О том, насколько непонятно и нелепо вклинился в это прощание спор о Ларисиных кудрях, обе промолчали.
Где и кем изложен кодекс прощания навсегда?
На Таточкиных словах: «Понимаешь, у нее весь пищевод уже…» дверь столовой открылась. Обе надеялись, что Ирина не услышала.
Моленная была переполнена, как всегда в последние годы. Как странно, подумала бабушка; сколько молодых! Здороваясь и отвечая на приветствия, прошла и заняла свое место у иконы «Трех Святителей». Так уж издавна повелось: она всегда становилась у этой неразлучной троицы, и не последней причиной было то, что средний, Григорий Богослов, двумя тонкими перстами, сложенными для крестного знамения, указывал на лесенку, которую много лет назад сработал его тезка, Григорий Иванов, чтобы можно было зажигать свечи перед высокими образами.
Несмотря на то, что сестра всегда молилась на верхнем ярусе и они встречались только после службы, Ирина ощущала ее отсутствие. Нас ведь только двое; вот и стою — за двоих.
Симочка? Безотчетно взглянула на проход, рядом с которым он становился, но если брат и пришел, то различить его в пестрой толпе было невозможно. Что-то подсказывало: можно и не искать.
Нас только двое.
Первая Пасха без Тони.
Первая? — Нет; война стерла, как резинкой, все праздники, великие и малые, возместив потерю святым днем девятого мая сорок пятого года — Днем Победы, навсегда смешавшим ликование со скорбью…
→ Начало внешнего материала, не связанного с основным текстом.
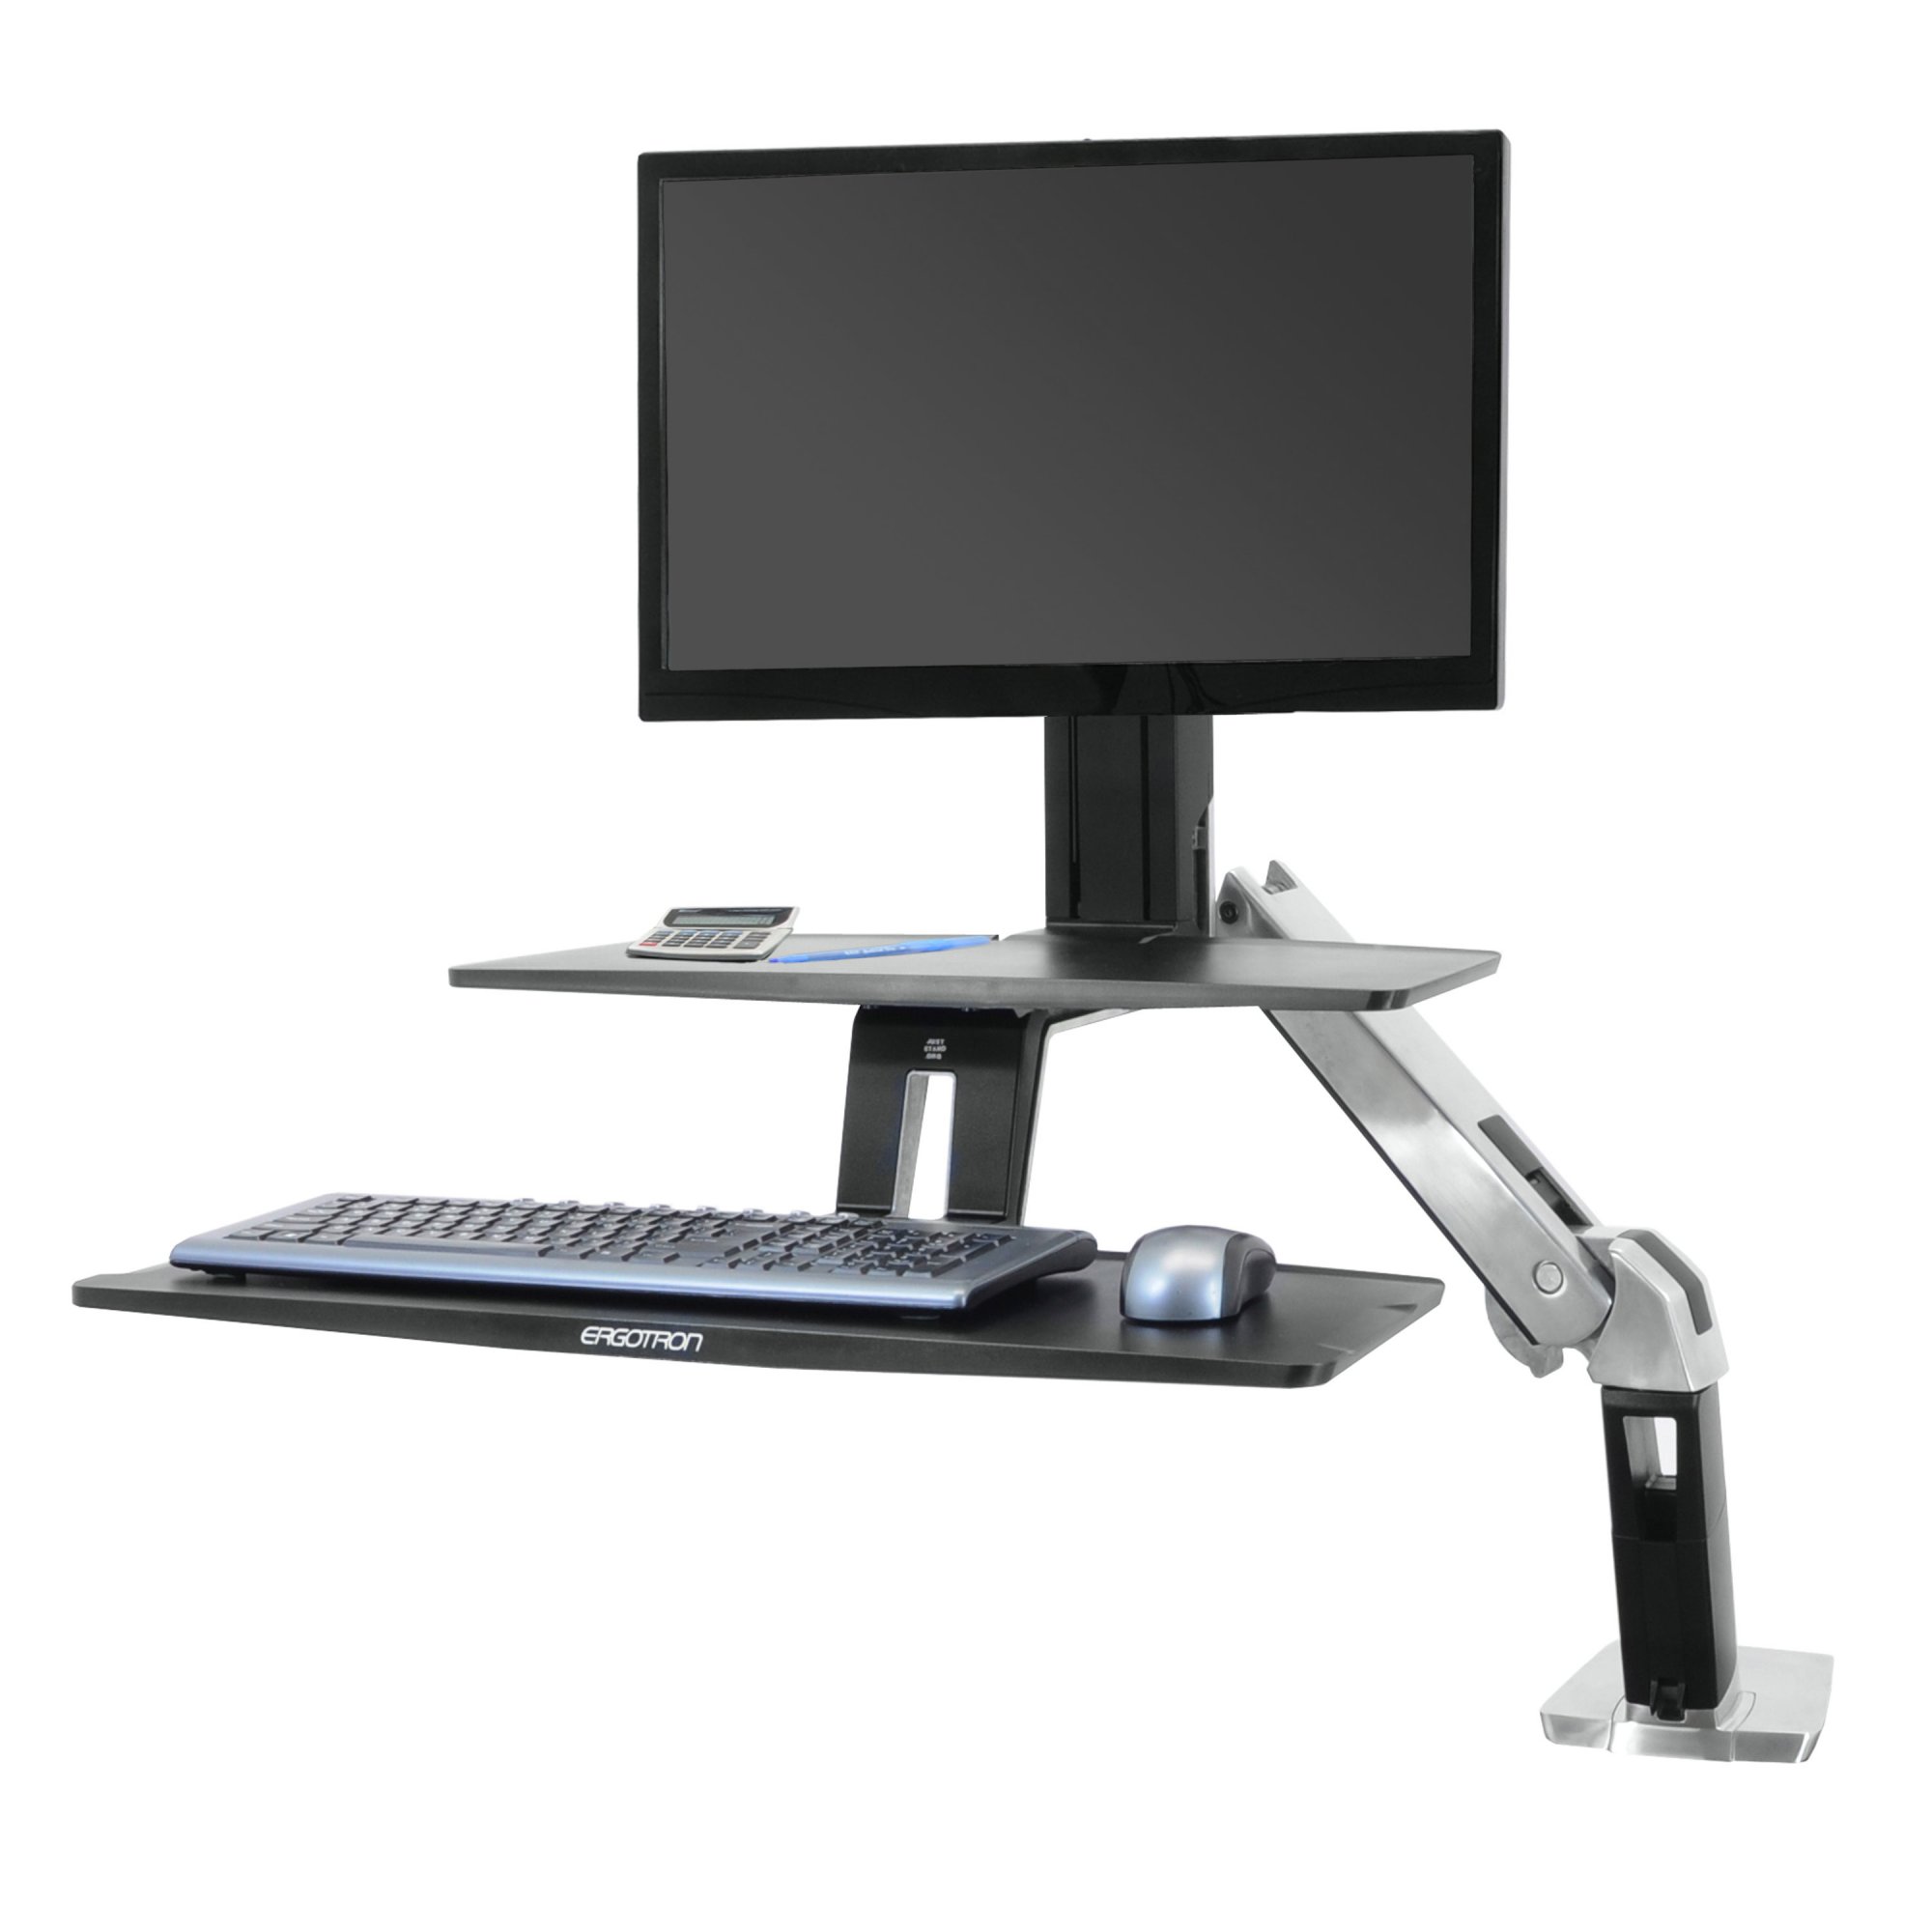 Ergotron 24-391-026 WorkFit-A with Suspended Keyboard, Single HD

Служба в Великую Субботу заканчивается крестным ходом, вернее, не заканчивается, а переводит дыхание. Смолкает — тоже переводит дыхание — хор. А спустя несколько часов, в Светлое Воскресенье, моленная засияет несметным множеством свечей, и каждая свечка, даже самая тонкая, блеснет, загораясь, узким лучиком, как майское солнце, ибо завтрашний день непременно будет солнечным.
Ушла до начала крестного хода: так много праздных, шумных людей, что того и гляди задавят в толпе.
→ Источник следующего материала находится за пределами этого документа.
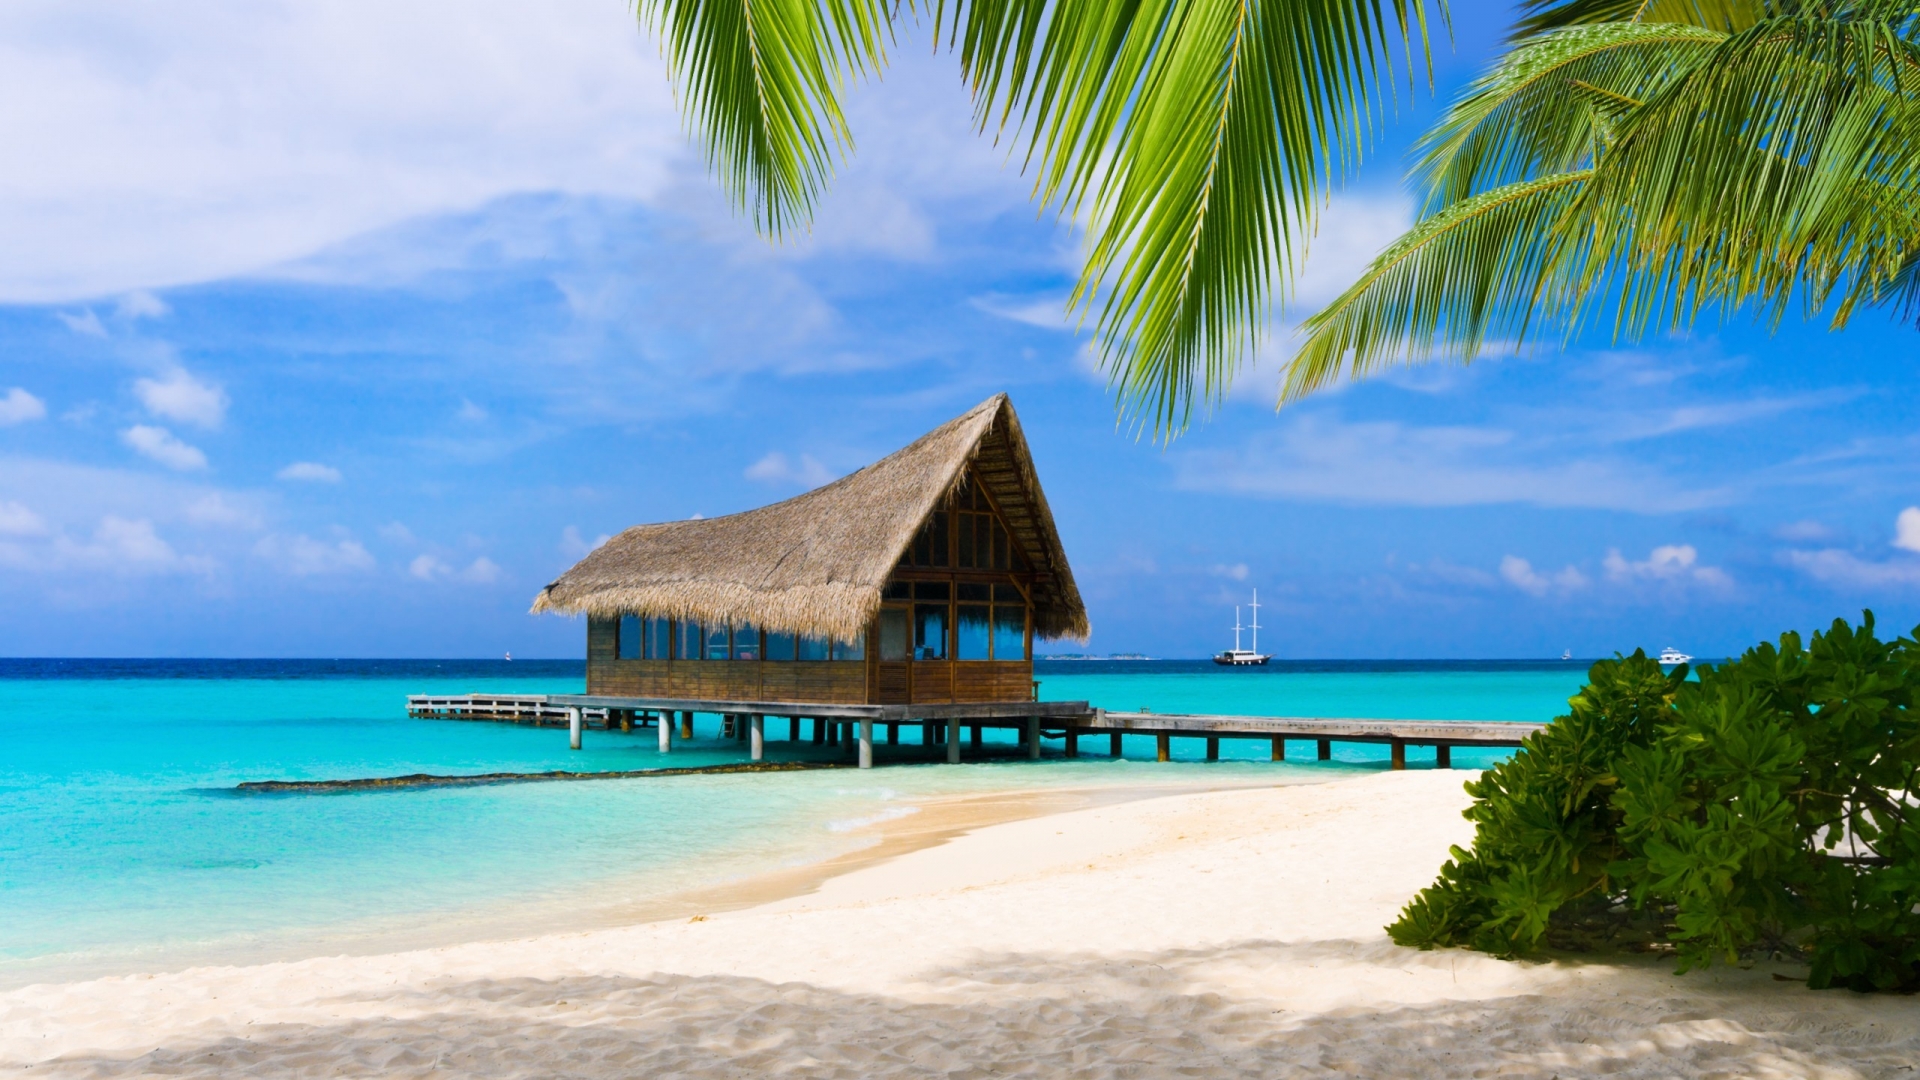 Bungalow in Maldives for 1920 x 1080 HDTV 1080p resolution

Дома ждала необитаемая, хорошо настоянная тишина. Темные образа ожили, как только бабушка зажгла лампадки, и теперь благодарно кивали нимбами в такт колеблющимся огонькам. «То-то, — застрекотал проснувшийся будильник, — то-то, то-то», и бабушка погладила потускневший никелированный бок. При включенном свете стали хорошо видны чисто вымытые и оттого очень темные окна, свежие занавески и начищенные оклады икон, отражающиеся в стеклах. На обоих фикусах появились новые ростки, светлые, как молодой салат, на фоне крупных лаковых листьев. Ирина осторожно лила воду в пересохшую землю и не могла не удивляться странному совпадению: сегодня, в последний день Великого поста, у нее тоже ничего, кроме воды, во рту не было.